**EXERCISE DATA**.
____
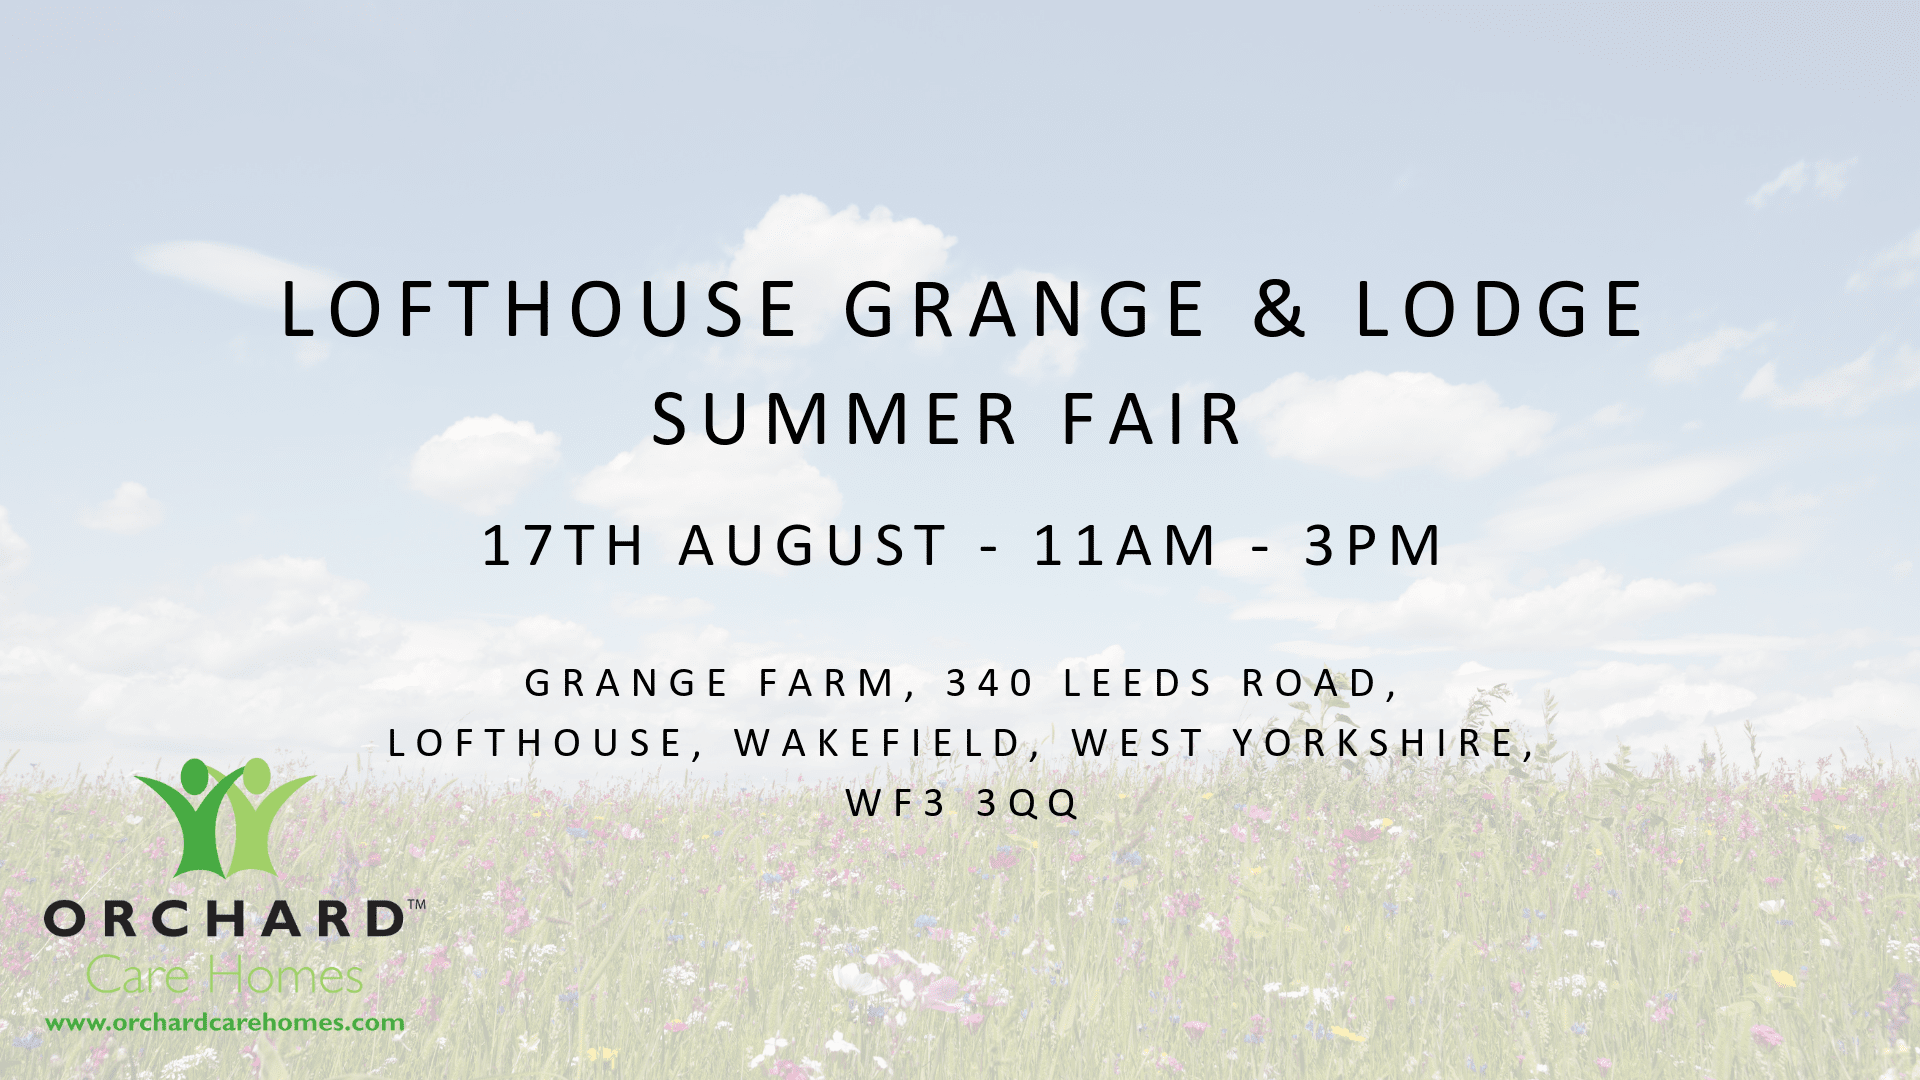 Lofthouse Grange & Lodge Summer Fair
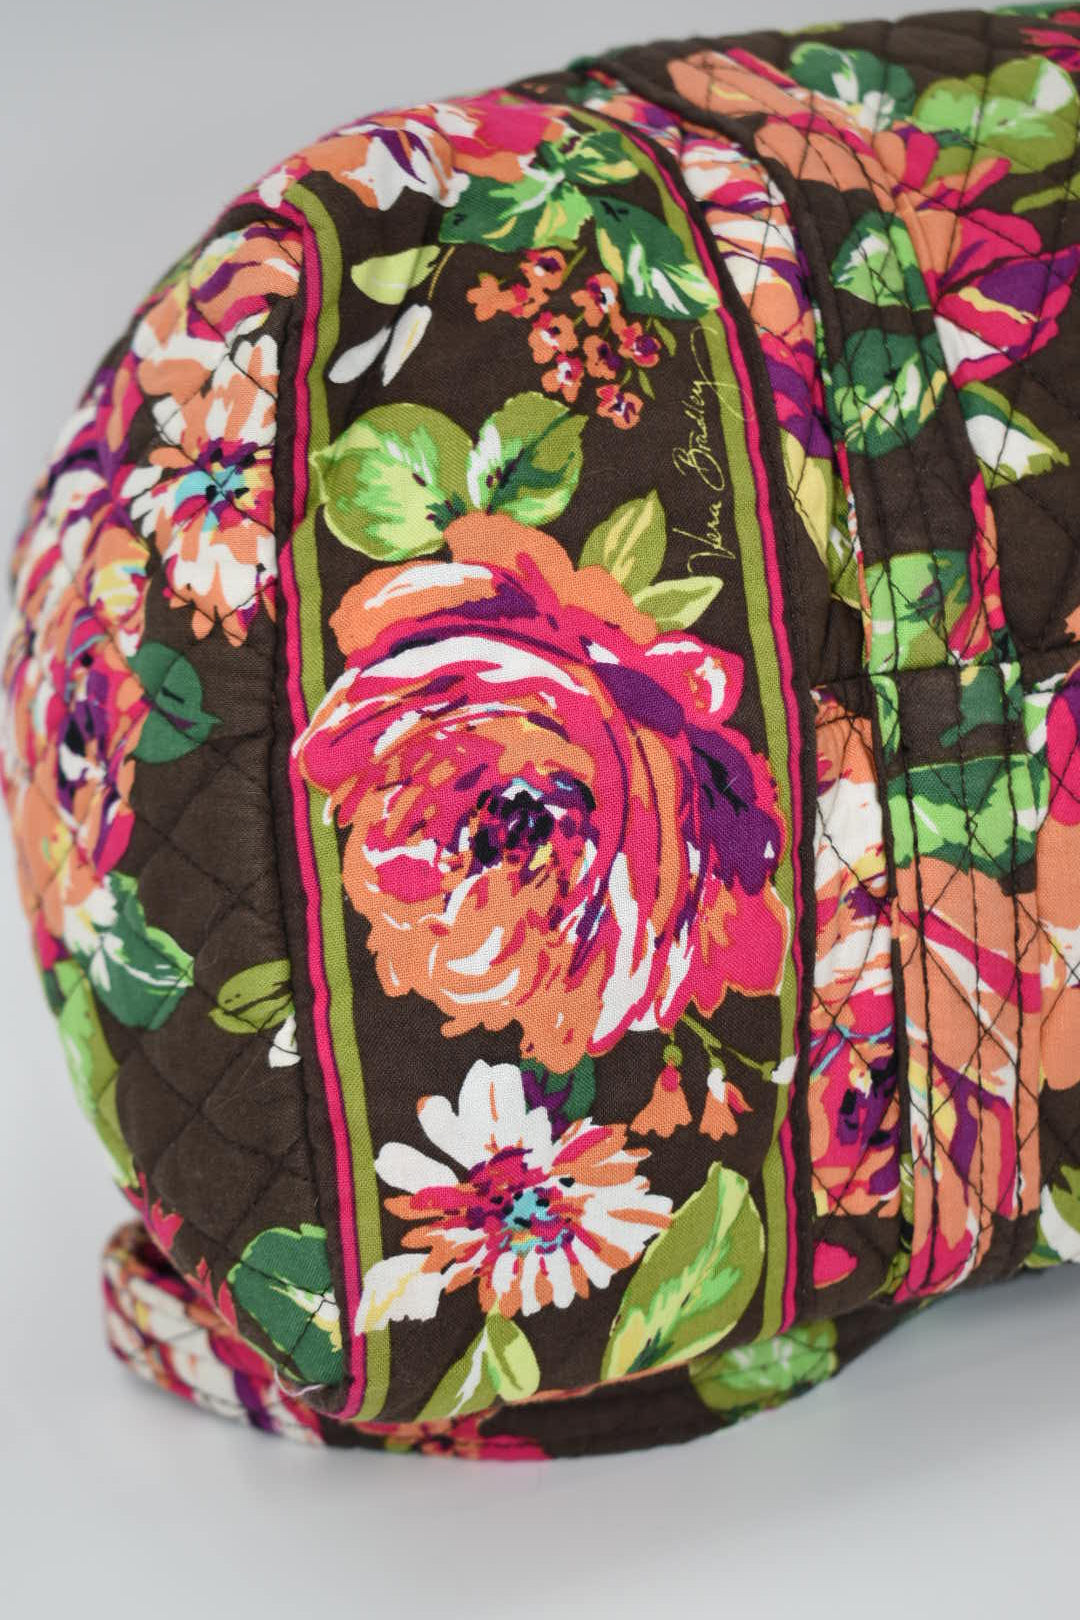 Vera Bradley Small Duffel Bag in "English Rose" Pattern
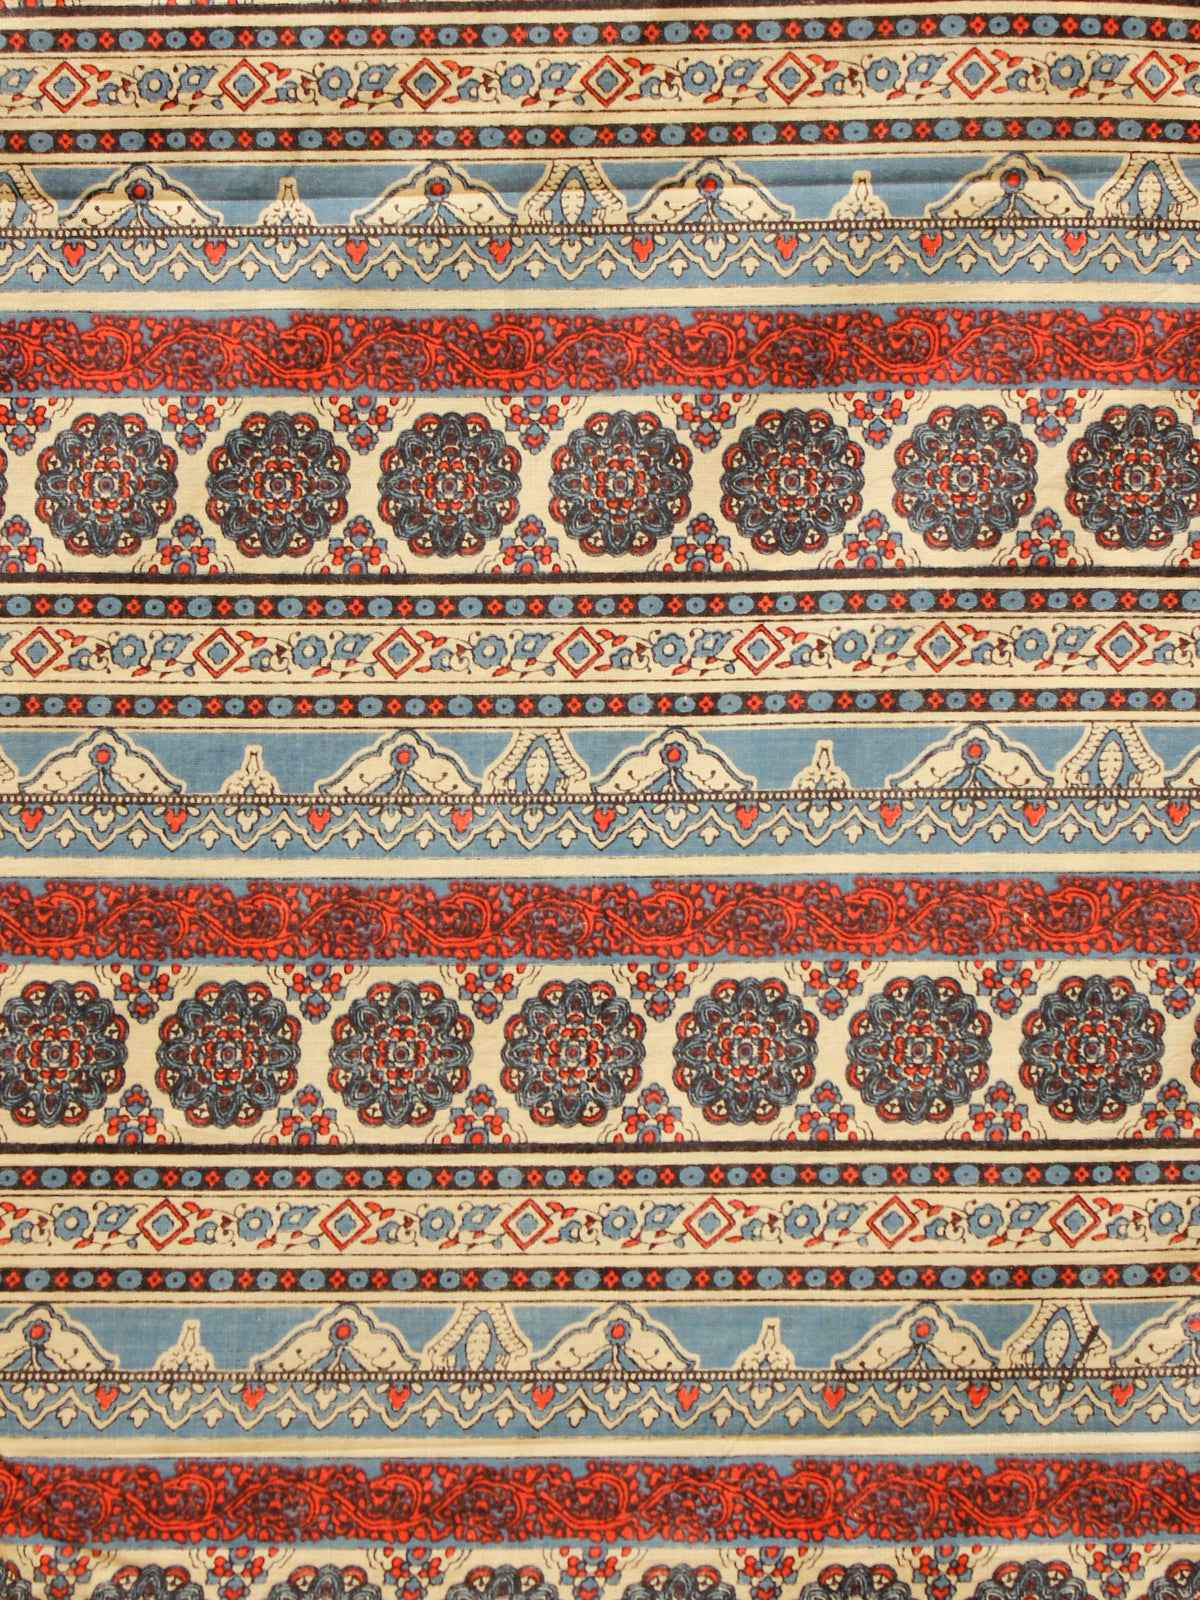 Indigo Ivory Red  Hand Block Printed Cotton Fabric Per Meter - F001F1880
____
**ACTIVITY**.
Please print all the data above word for word. Pictures should not appear in the copy.

**RESULT OF THIS TASK**.
 Lofthouse Grange & Lodge Summer Fair
 Vera Bradley Small Duffel Bag in "English Rose" Pattern
 Indigo Ivory Red  Hand Block Printed Cotton Fabric Per Meter - F001F1880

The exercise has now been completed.